Maybe Voronin’s Communists will prove to be fighters. But after
the hubbub over the results had died down, it still felt as though
there were something ethereal about the Communist victory, as
if widespread disappointment were inevitably just around the corner.
A
couple of weeks later, Voronin said he wanted a "non-Communist"
as prime minister, and the Braghis Alliance (one of three parties
to make it into parliament) would be given control of some committees.

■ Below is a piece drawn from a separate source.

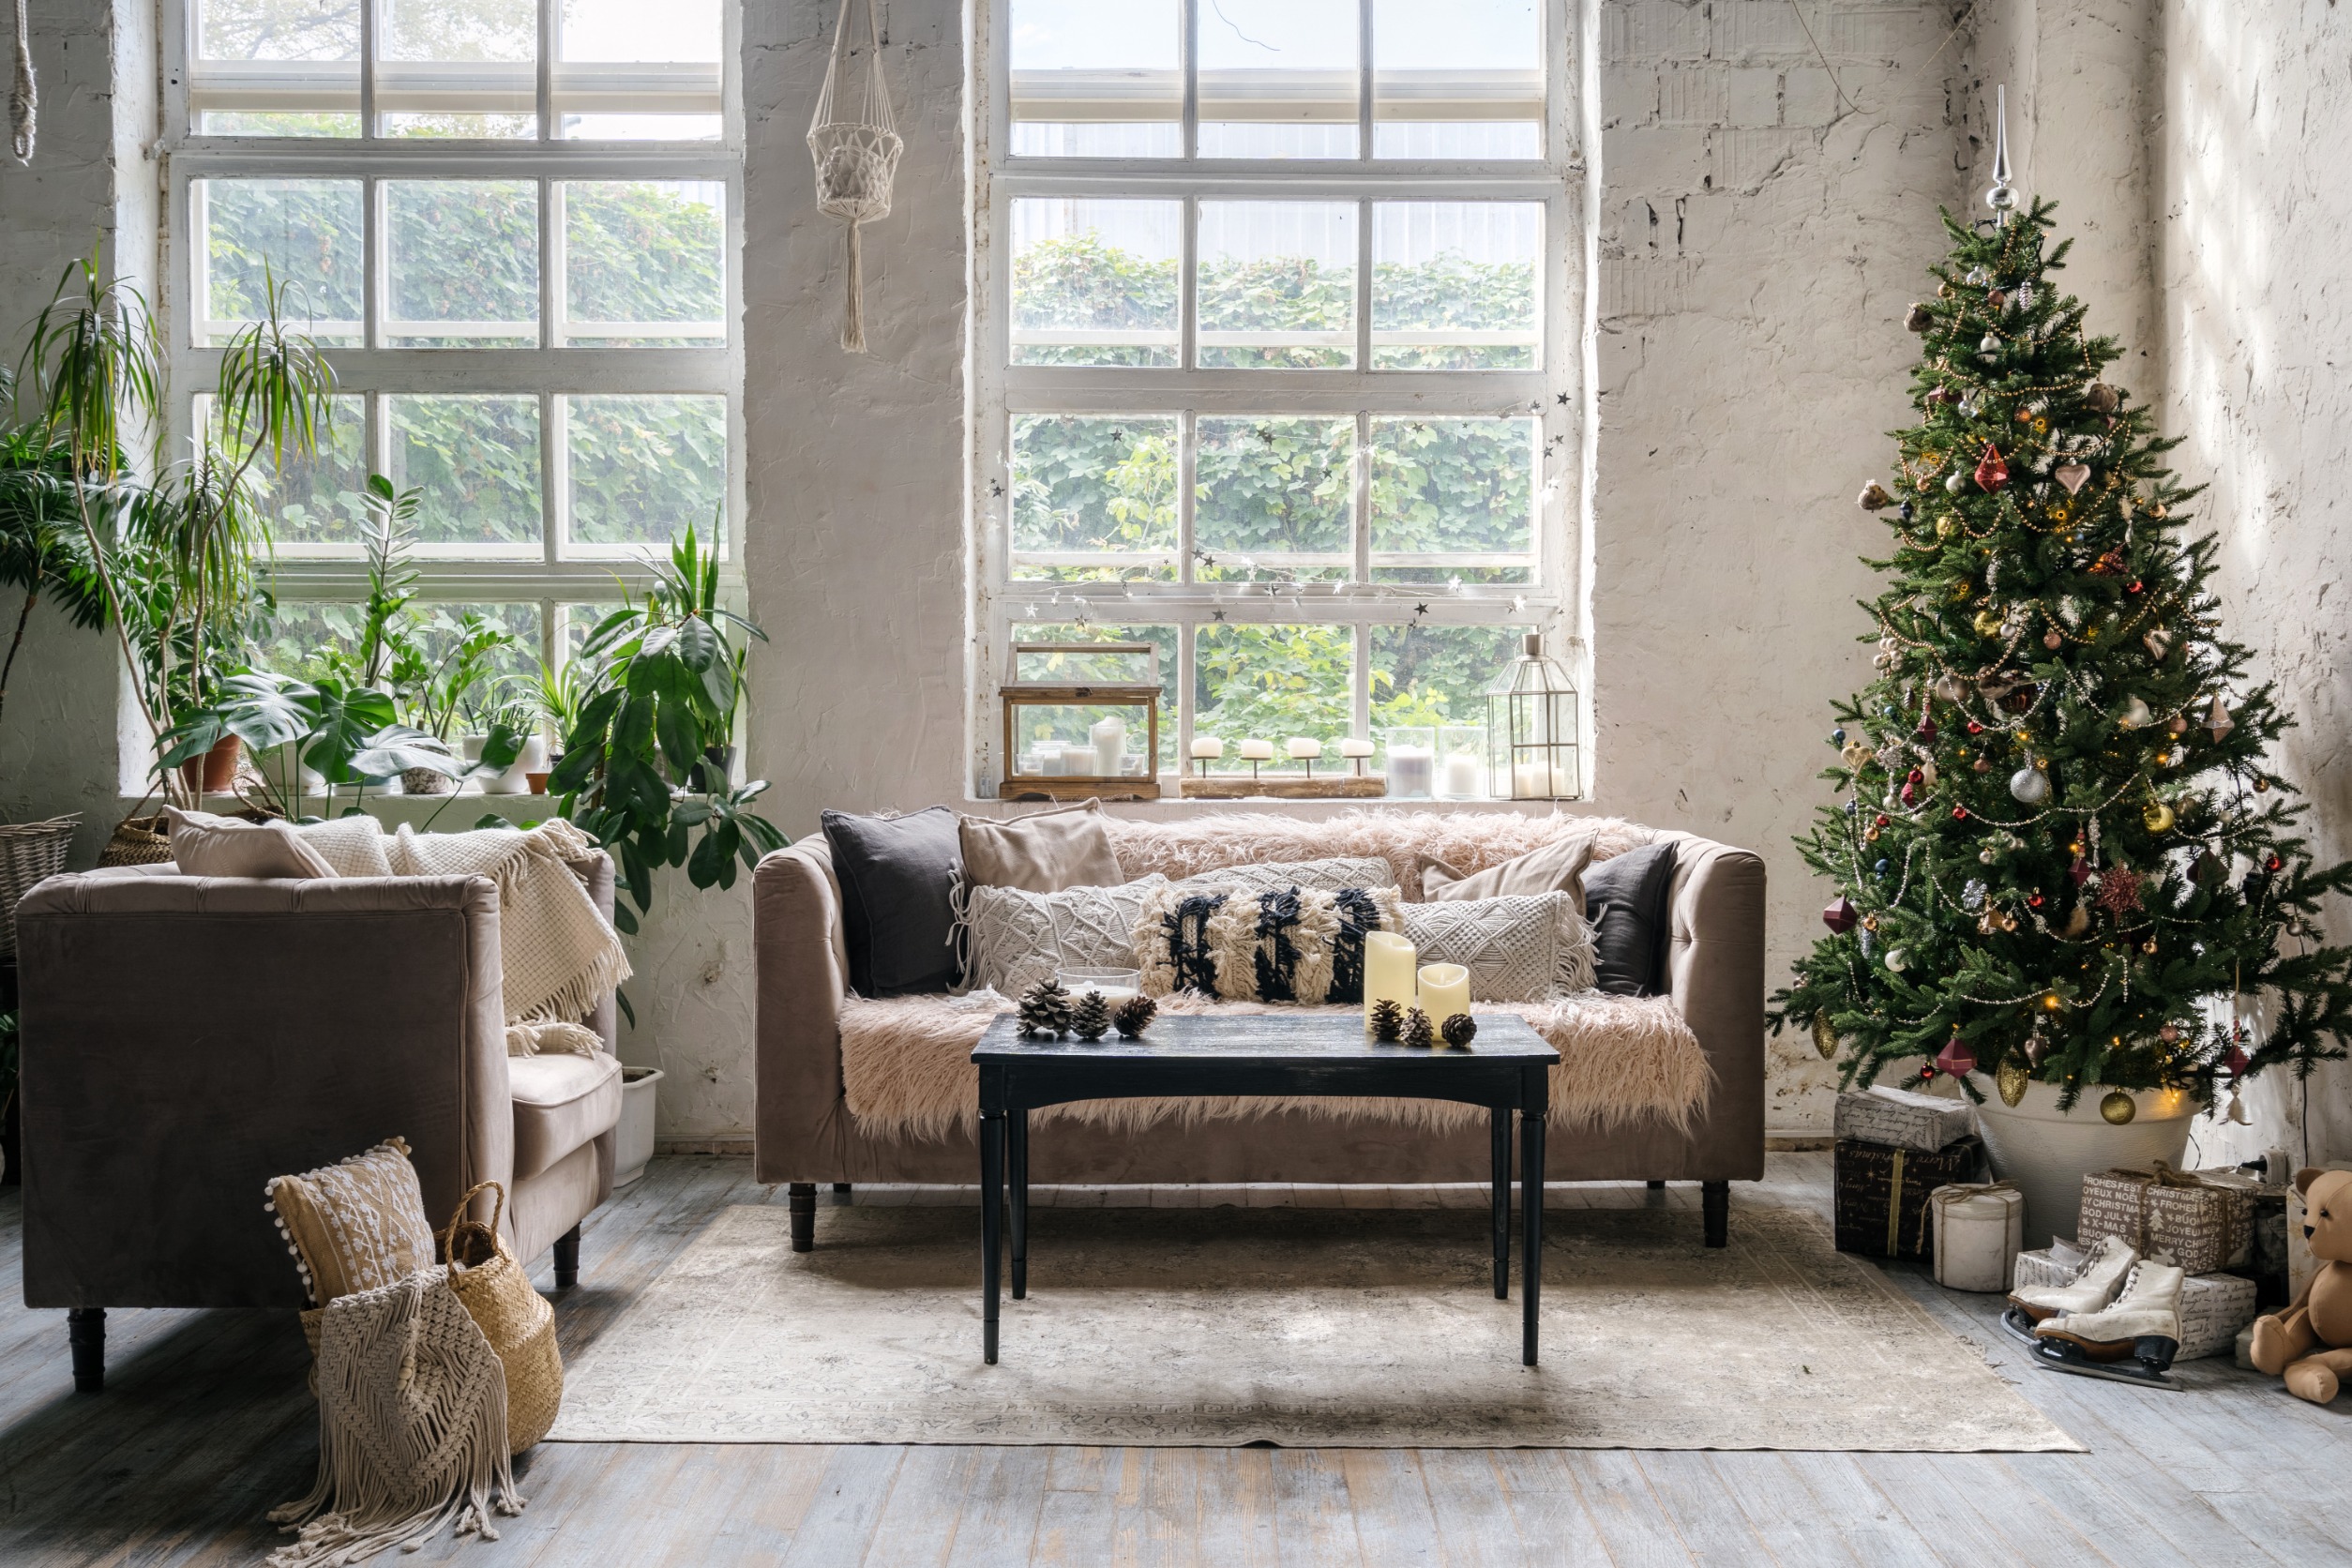 A cozy living room with houseplants during Christmas.

As president, Voronin may finally acquiesce to the formal relegation
of the Moldovan presidency to a ceremonial post, as appears likely,
to make his job easier. Then the election result will be even
less significant than it already appears to be.
Perhaps
Voronin and company will stave off the IMF/World Bank privatization
schemes for a brief time, but indications are the Communists want
to encourage foreign "investment" and can be bought
for a song. If the last scraps of national wealth pass into the
hands of foreigners, this should destroy the last vestiges of
Moldova’s economic self-sufficiency. With privatization of the
electricity companies, the average Moldovan will become too concerned
with chopping up furniture and trees for firewood to pay attention
to whether their government – in which they long ago lost faith
– is doing anything for them. In addition to privatizing the winemaking
sector, the West will want to make sure none of Moldova’s tobacco
makes it to Western markets without serious adjustments. The cost
of cigarettes should go up for ordinary Moldovans as they are
forced to adjust to the taste the chemical additives in the new,
otherwise flavorless Victory smokes.
The
West may have bought and paid for the Moldovan Communists long
before the election, and Moldova may soon be crushed under the
Iron Heel like a beetle that has rolled over onto its back and
is unable to turn itself upright. Perhaps the spirits of average
Moldovans have not been sufficiently broken yet, so that the people
still place some hope in politicians like Voronin to bring real
change for the better. Perhaps there are not enough old people
picking discarded scraps of food out of rubbish tips yet. The
West will sooner or later want to rectify this situation with
a comprehensive program of reform, to help Moldova build a new,
super-mean-spirited generation enterprising citizens that can
put a younger, "fresher" face on the all-pervasive corruption
and lead the republic into full slavery. Then, as Moldovans dab
their grain alcohol-scented tears with the flimsy hanky of bogus,
Western-style parliamentary democracy, they will at least be able
to console themselves that – although their lives have lost all
semblance of dignity – at least the West has declared them to
have "civil society" and "human rights."